The guards, Menone, and I stepped inside the palace, the doors shutting behind us. Even when I was very young, I’d had my beliefs. Back then, however, I hadn’t wanted to be a hero and warrior. I’d dreamed of becoming a healer in the temple. Greshan nobility believed meat-eaters little better than animals, but was there really much difference between us and them? If there wasn’t much difference between noble and commoner, then what difference was there between Angran and Greshan? A different language, like how donkeys brayed and chickens clucked? But they were both animals. Both meat.

Weren’t we all just mortals in the eyes of Crowns? Wasn’t it…proud, to claim you were special somehow?

What made a human so much more special than an animal?

A long time ago I had tried to find out. If I wanted to become a healer, I’d need to know how things worked. I needed to learn. So I took one of the chickens behind the house and cut it open. Feathers flew everywhere, getting in my mouth. My hands were sticky. It was just meat. Father had been furious. Had taken me down to the river and head under water and breathing and breathing—

Washed the blood off. Washed the blood off. He was furious. Sat his child down and lectured. About sacrifice. About how killing things just because was a waste. The chicken could’ve still laid eggs. Now we’d need to get another. Livestock animals could die, but one had to be deliberate about the when and how. Is that how the Fiend sees us? The Crowns? Livestock animals? Was that how Hallow Zaya—?

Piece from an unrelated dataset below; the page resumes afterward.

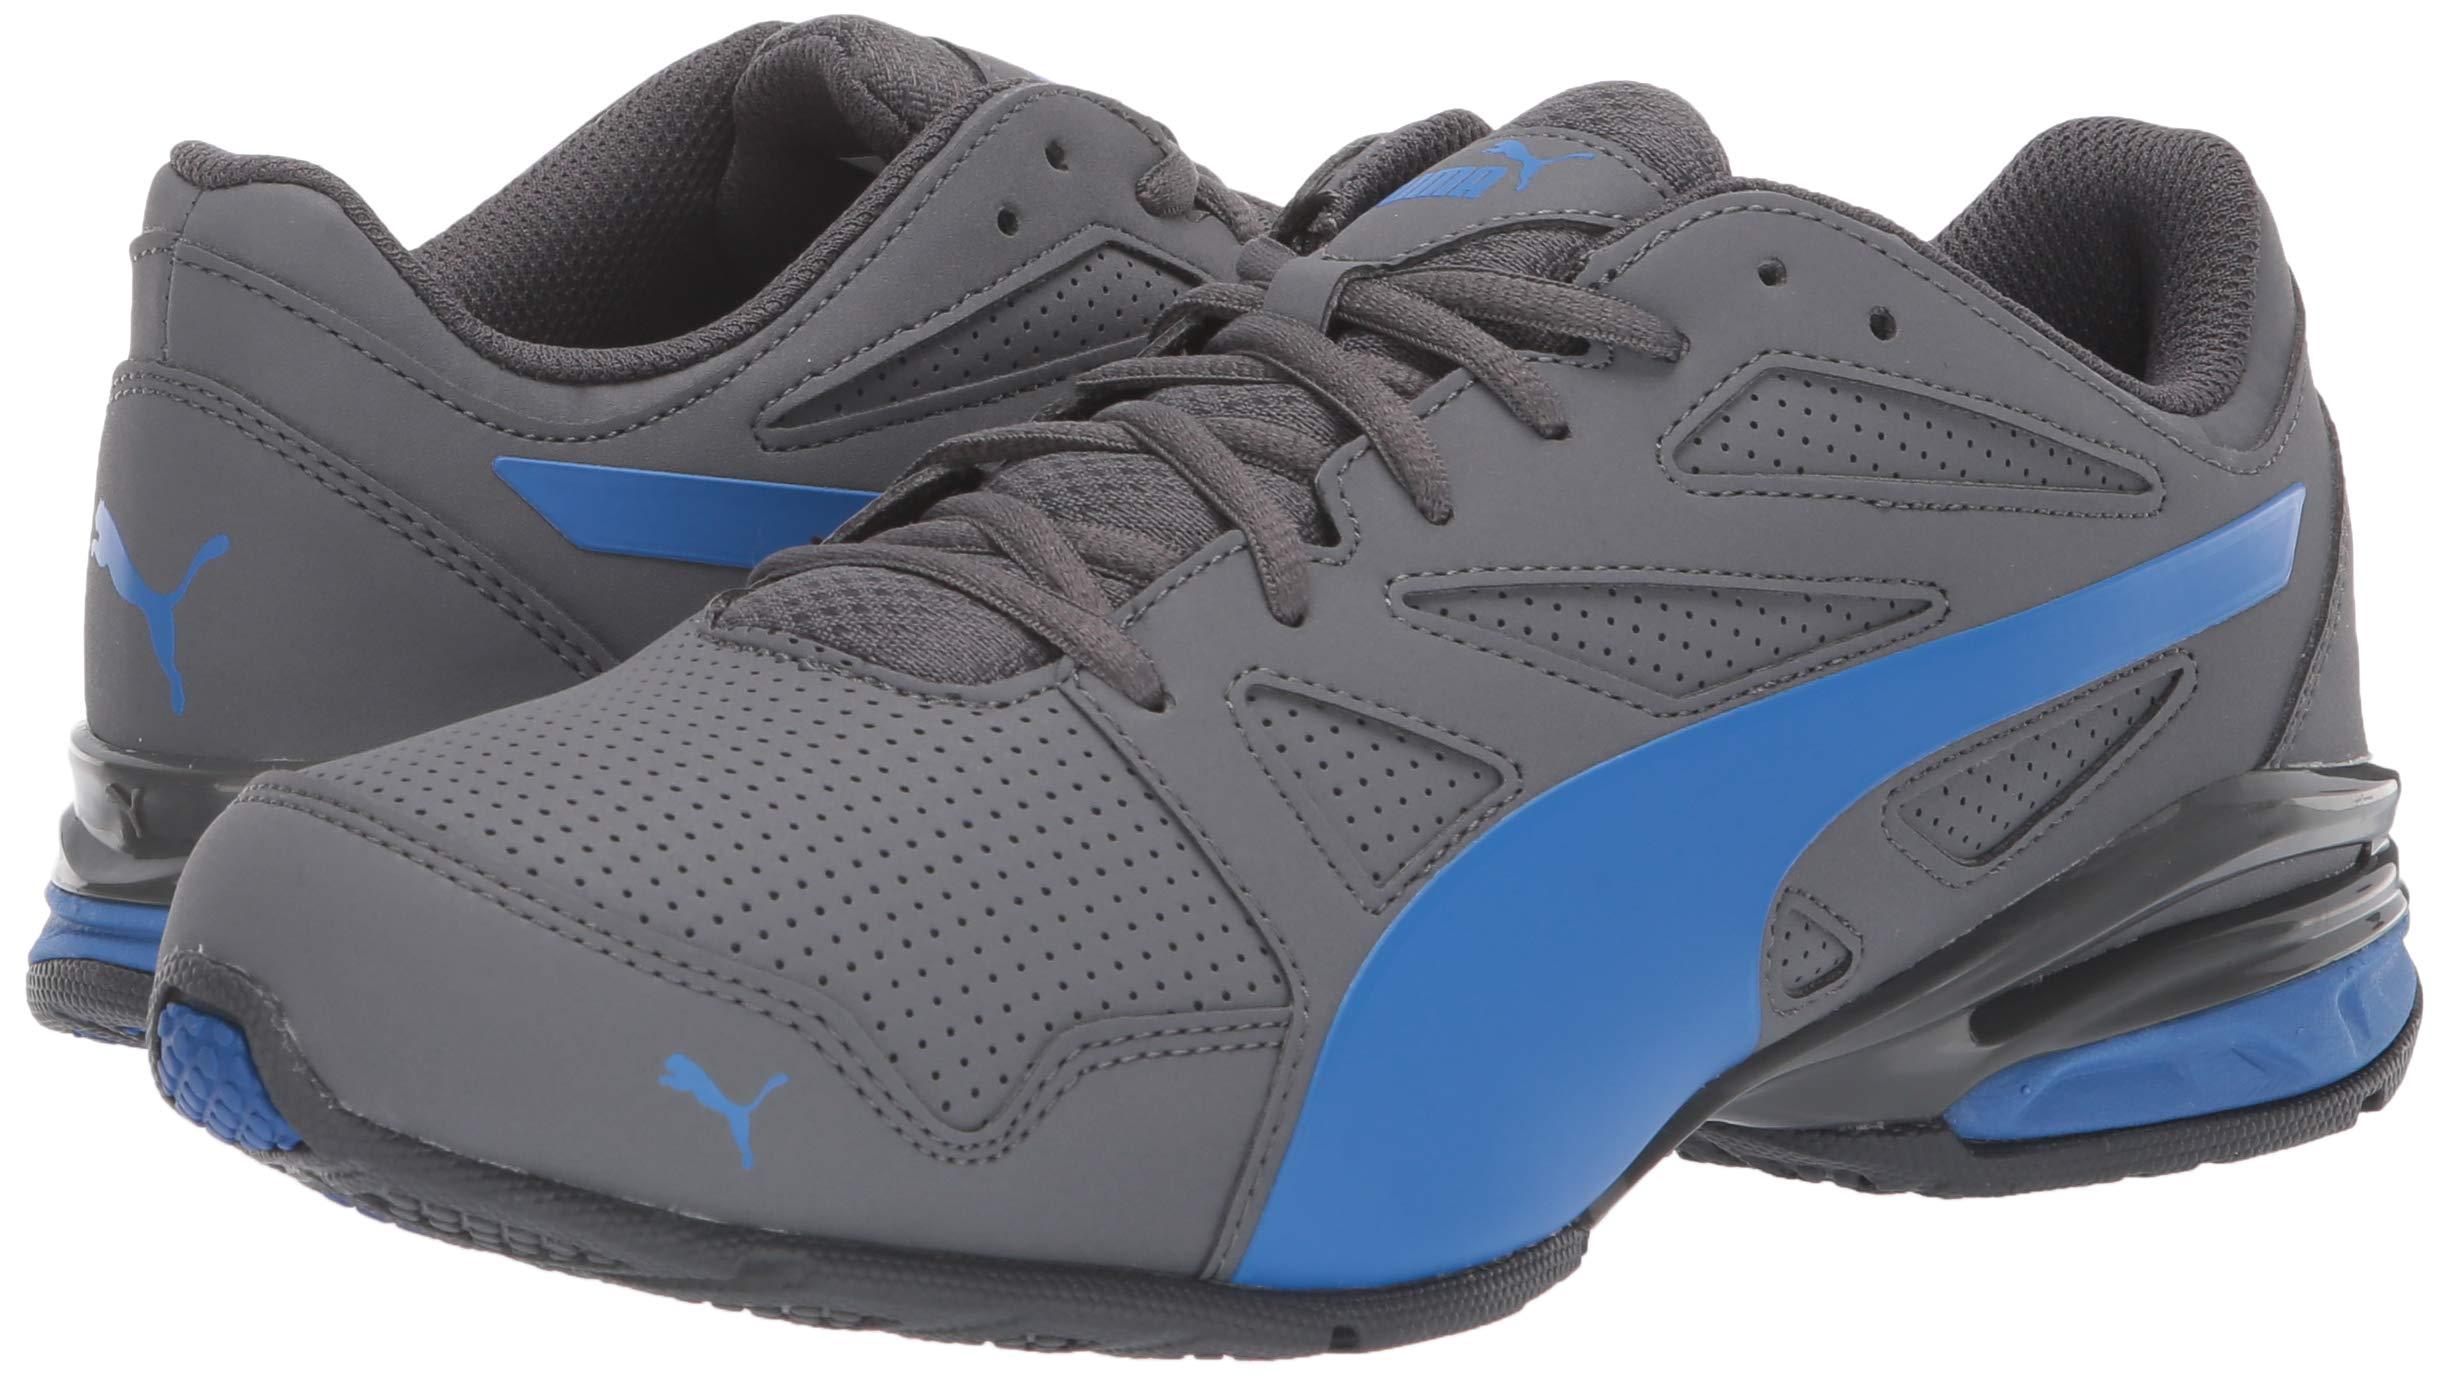 737b0ced41a PUMA Men s Tazon Modern SL FM Sneaker - TAZON MODERN SL FM-M   Fashion  Sneakers   Clothing

A slap across my face brought me back to the present. My eyes drifted down to Crim, and it took a moment to recall his feathers were just like that. I quickly returned my gaze to Menone.

“I-I’m sorry,” I managed.

“Are you here with us, Crown-son?” asked Menone.

“Yes. I am. Thank you.”

He said something then. About how proud he was, about how yes there’s an order to everything but sometimes one has to go outside the order, about how the tournament had served its purpose. I nodded along and he left on his duties. I was thinking about—drought. Granary. Animals. Livestock. Sacrifice.

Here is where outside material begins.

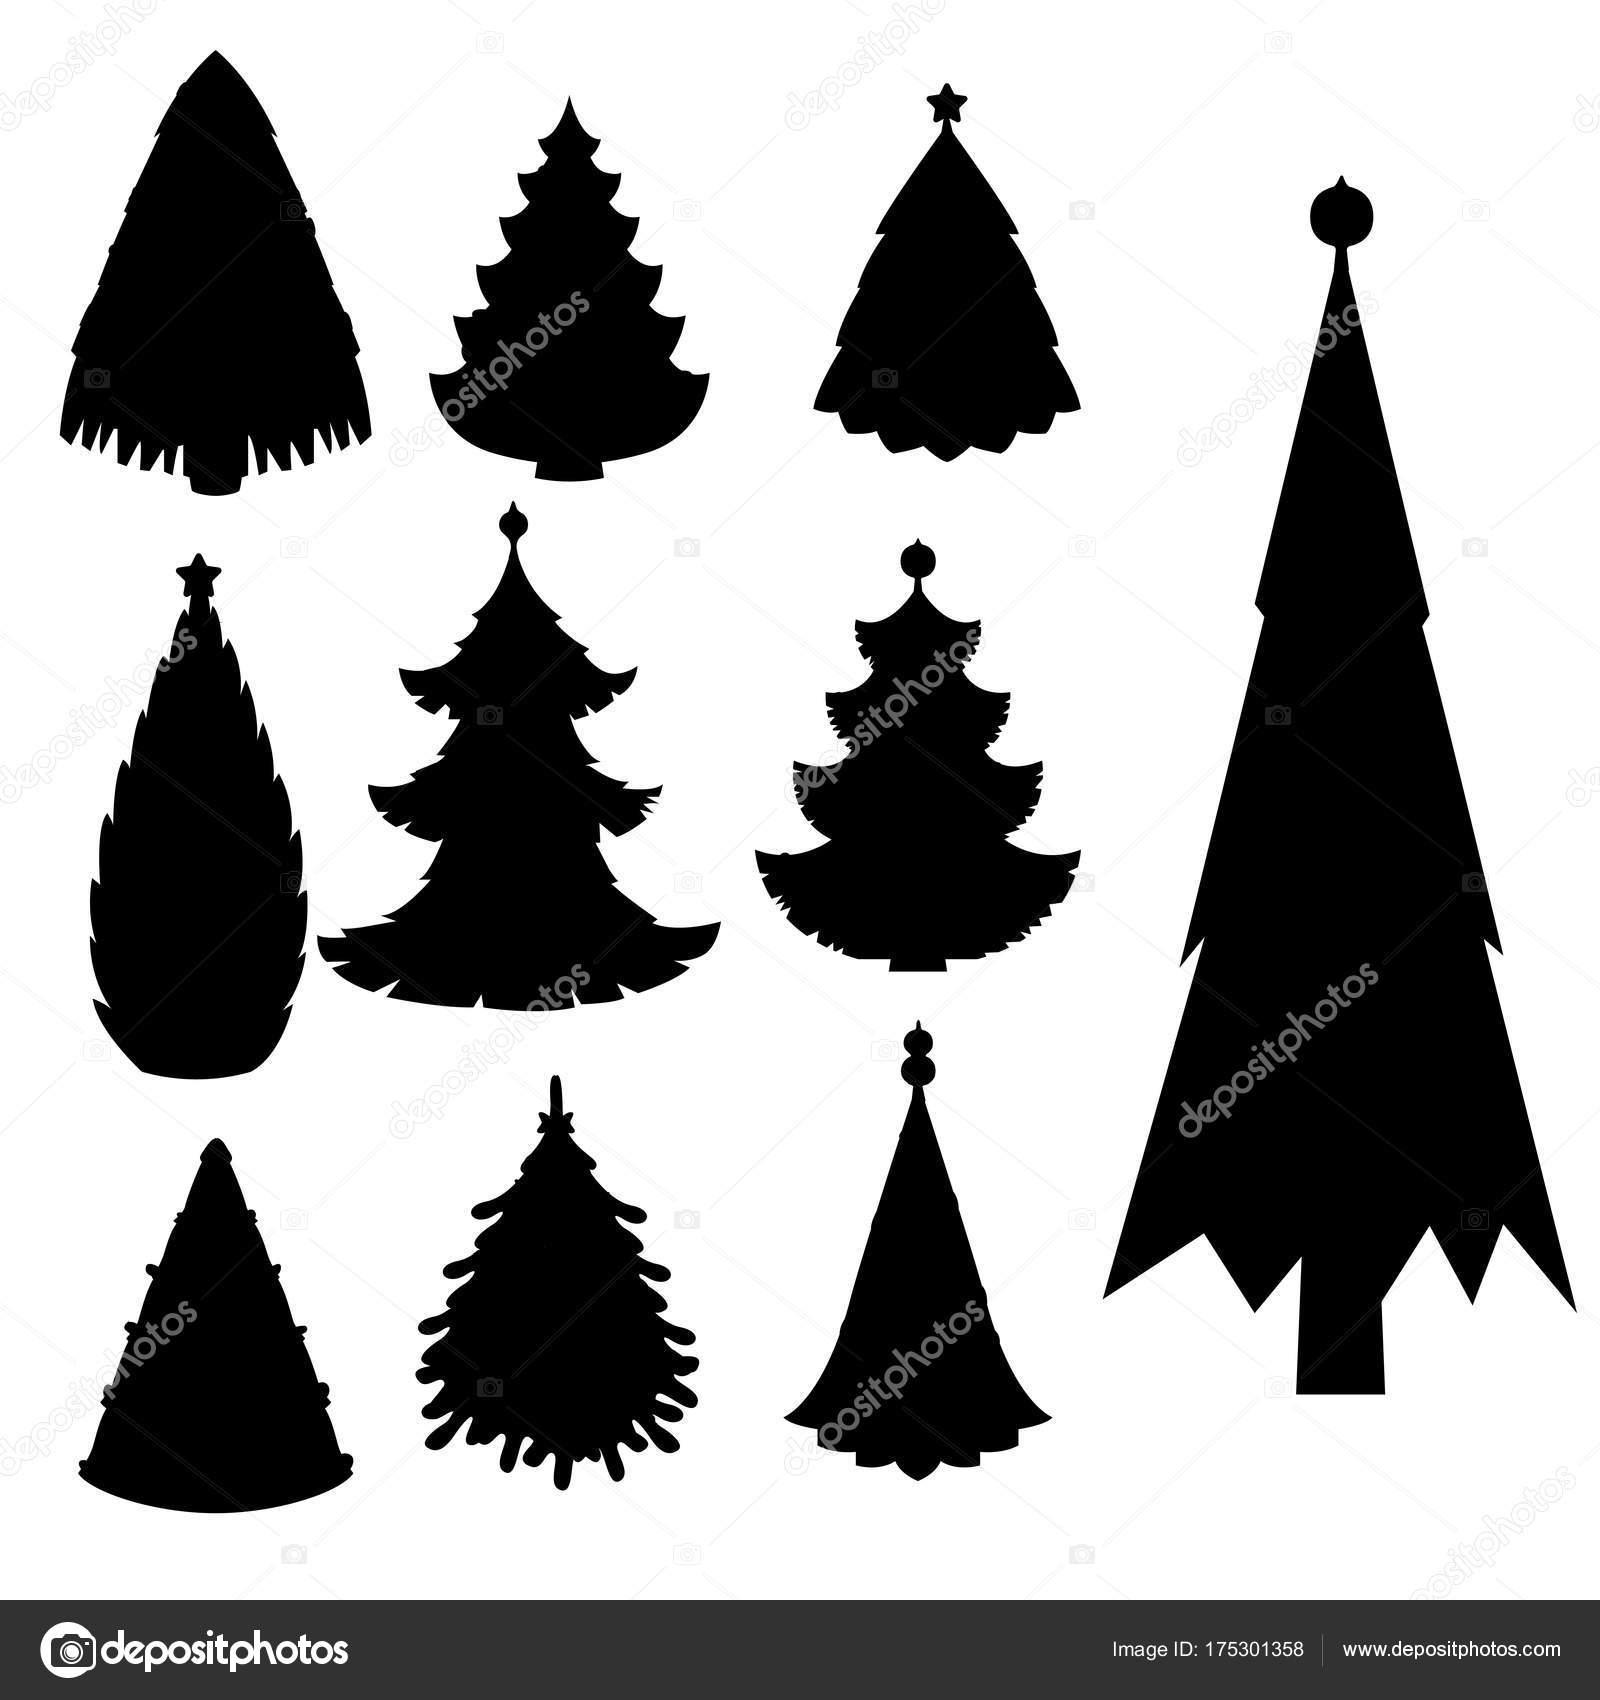 Christmas Tree Vector Black Silhouette Star Xmas Gift Design Holiday

There was a sharp pain in my leg, and I winced as Crim bit into my skin. Careful not to disturb my injuries, I crouched down and stroked the bird when no one was around to see.

“Yes. I think we’ve kept your master waiting long enough, haven’t we?” I murmured to the bird. “Can you do me a favor? This next thing I have to do is going to be rough for us both, I think. So just…do what you do best.”

Crim crooned again, tilting his head, and I shook my head as I rose again. There was still so much left to do. Before things got more complicated, while I had a chance, I should do what I took this role to achieve. Without any further delay, I tracked down the nearest maidservant, and gave her orders to bring up a meal from the kitchens—something light, like soup.

It was time to tell Talon about my ascendancy to the throne.